**Brief:**
Skip the images. Copy the records exactly as written.

----- Recorded information

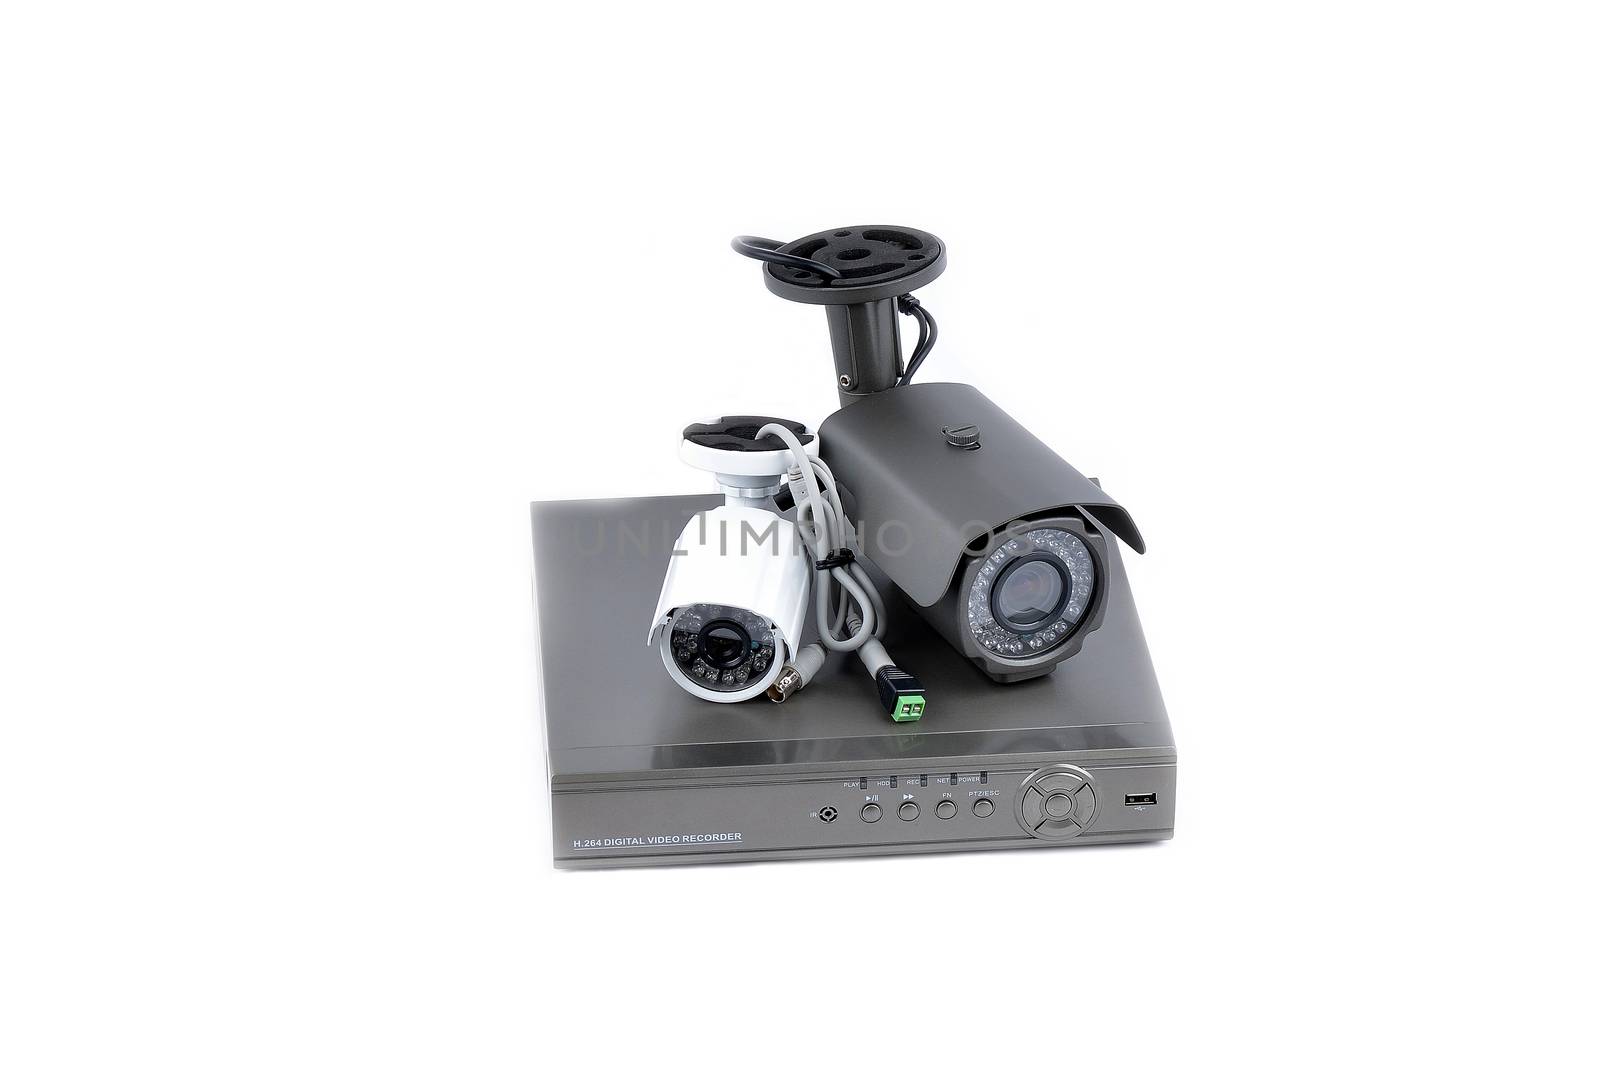 Digital Video Recorder and video surveillance cameras by constantinhurghea
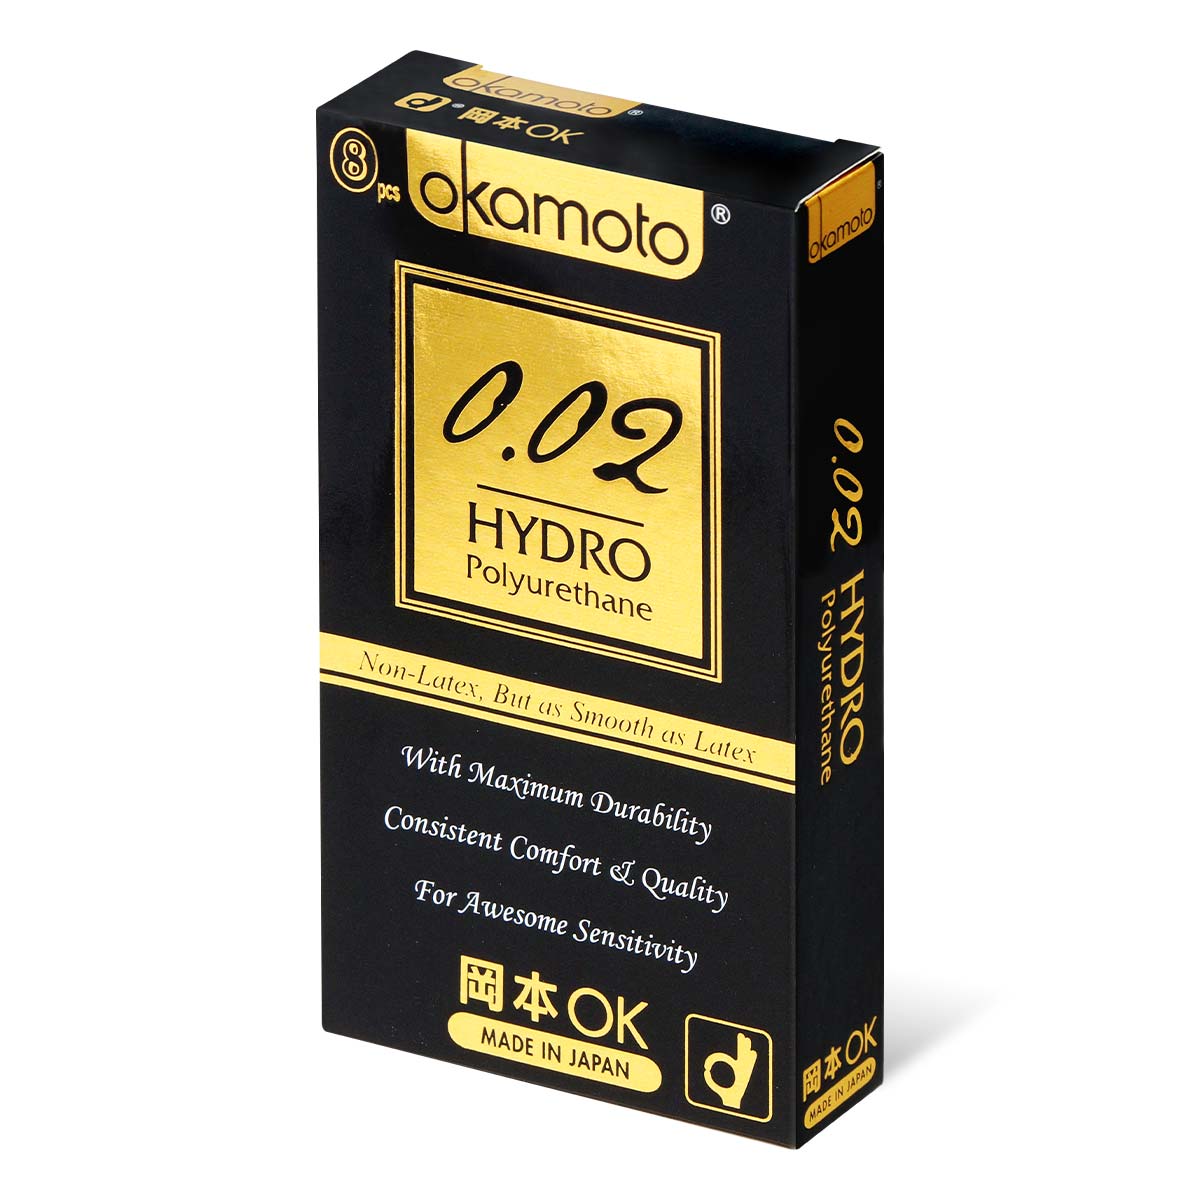 Okamoto 0.02 Hydro Polyurethane Condom 8's Pack PU Condom-p_1
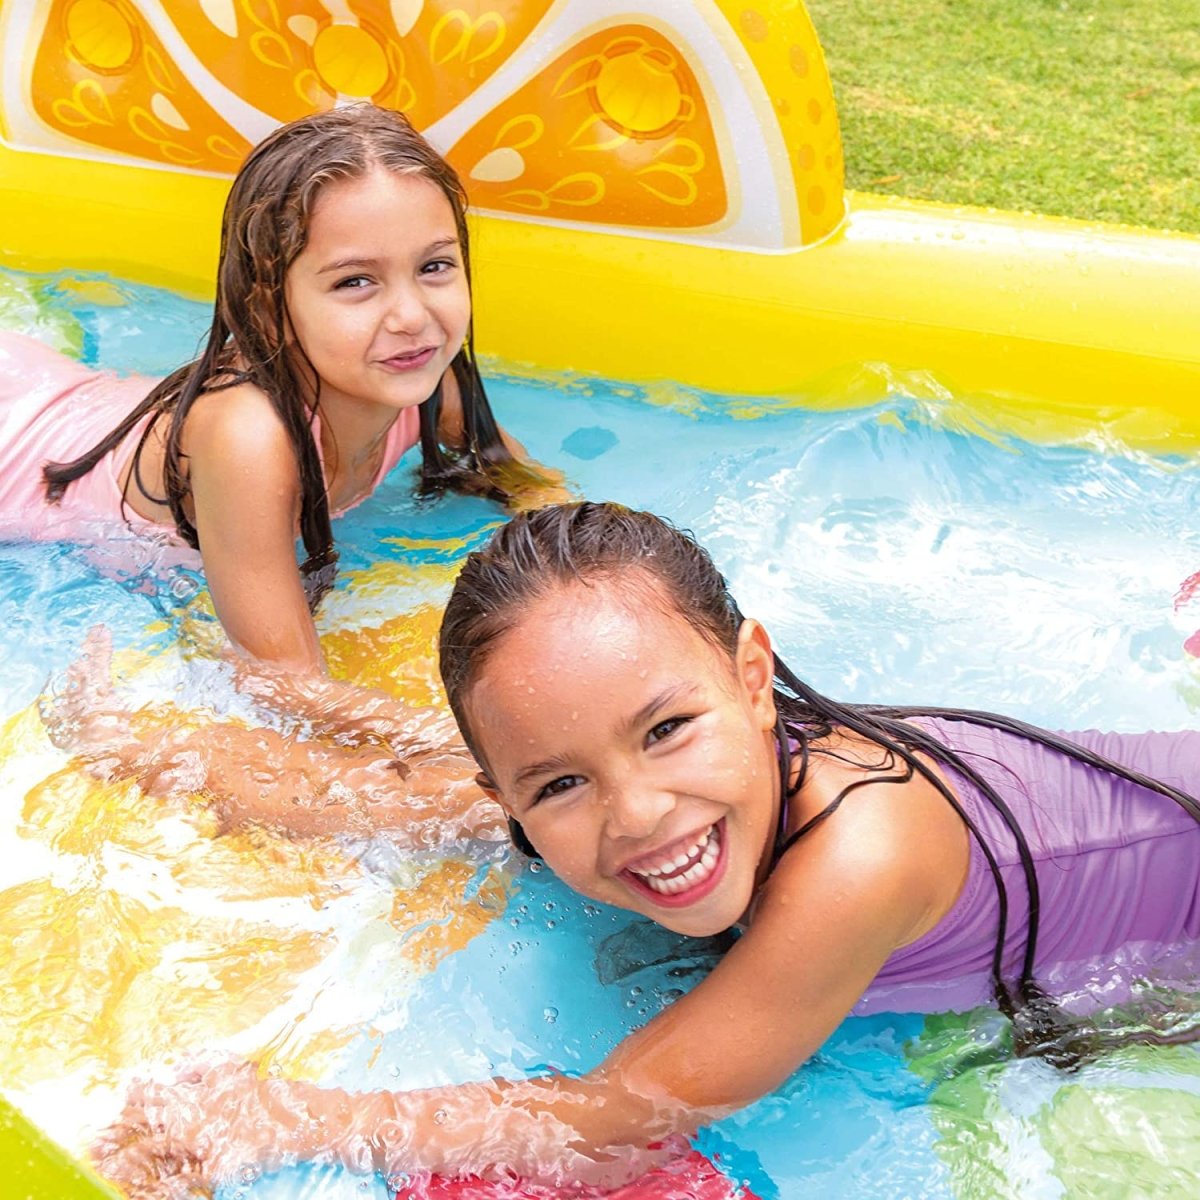 INTEX Fun'N Fruity Inflatable Play Centre Paddling Pool & Water Slide  57158EP Deals499
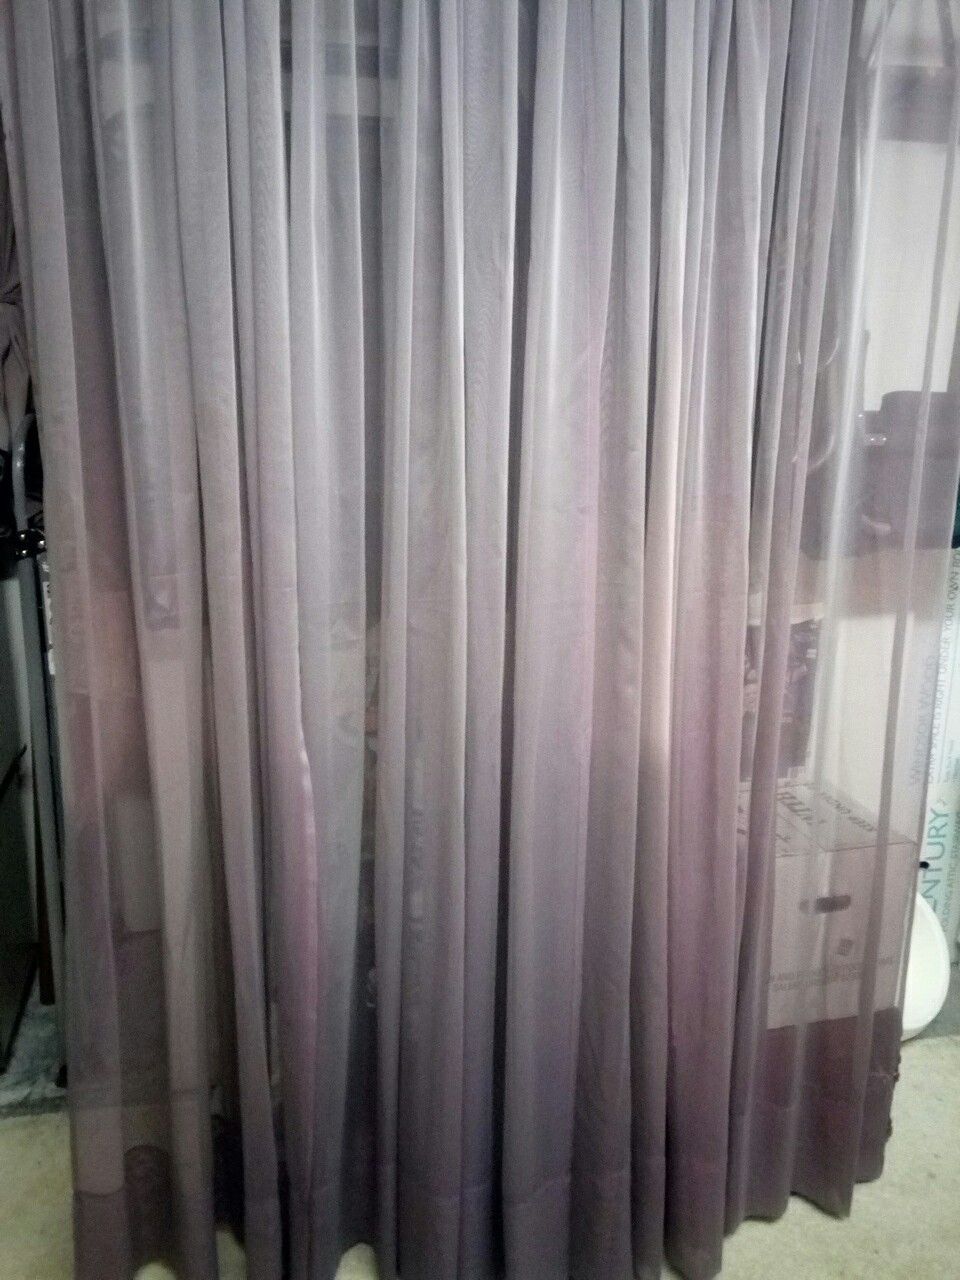 Beautiful lavender/blueish iridescent shear curtain panels
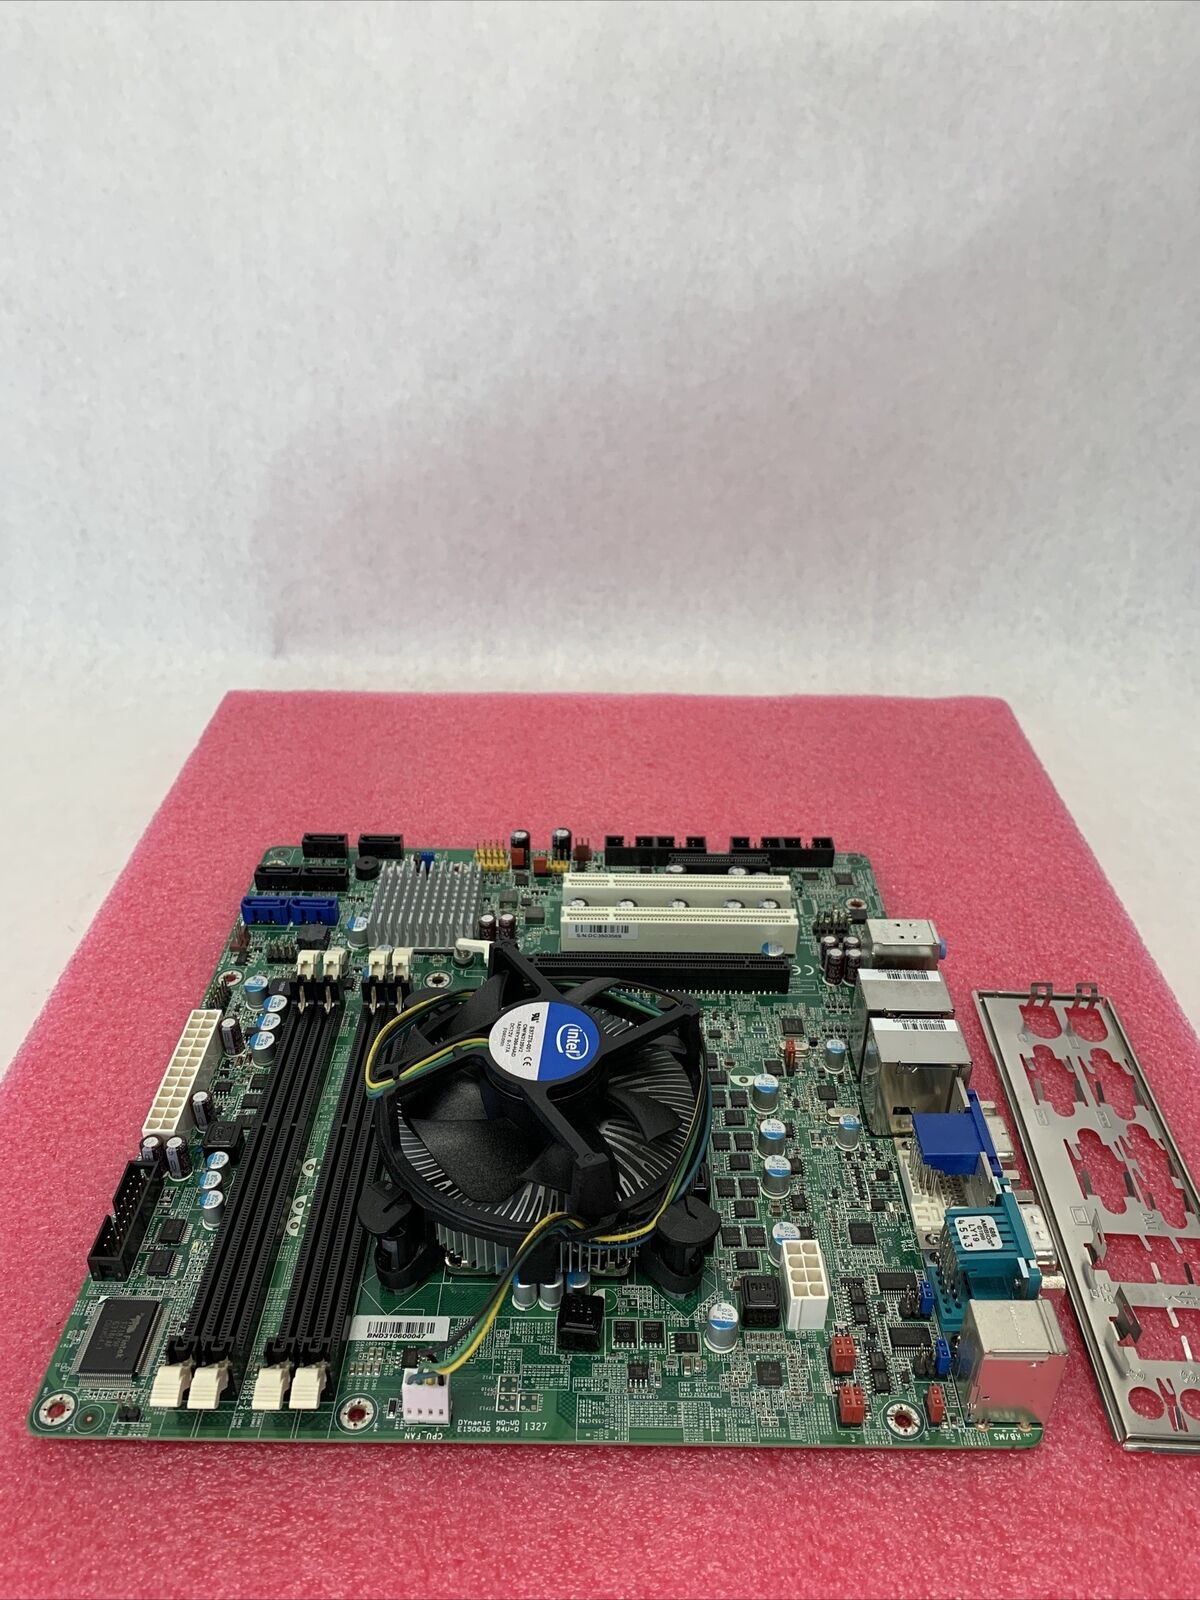 Intel MB331 Motherboard Intel Core i5-3470 3.2GHz No RAM w/Shield

----------

**Solution for this task:**
 Digital Video Recorder and video surveillance cameras by constantinhurghea
 Okamoto 0.02 Hydro Polyurethane Condom 8's Pack PU Condom-p_1
 INTEX Fun'N Fruity Inflatable Play Centre Paddling Pool & Water Slide  57158EP Deals499
 Beautiful lavender/blueish iridescent shear curtain panels
 Intel MB331 Motherboard Intel Core i5-3470 3.2GHz No RAM w/Shield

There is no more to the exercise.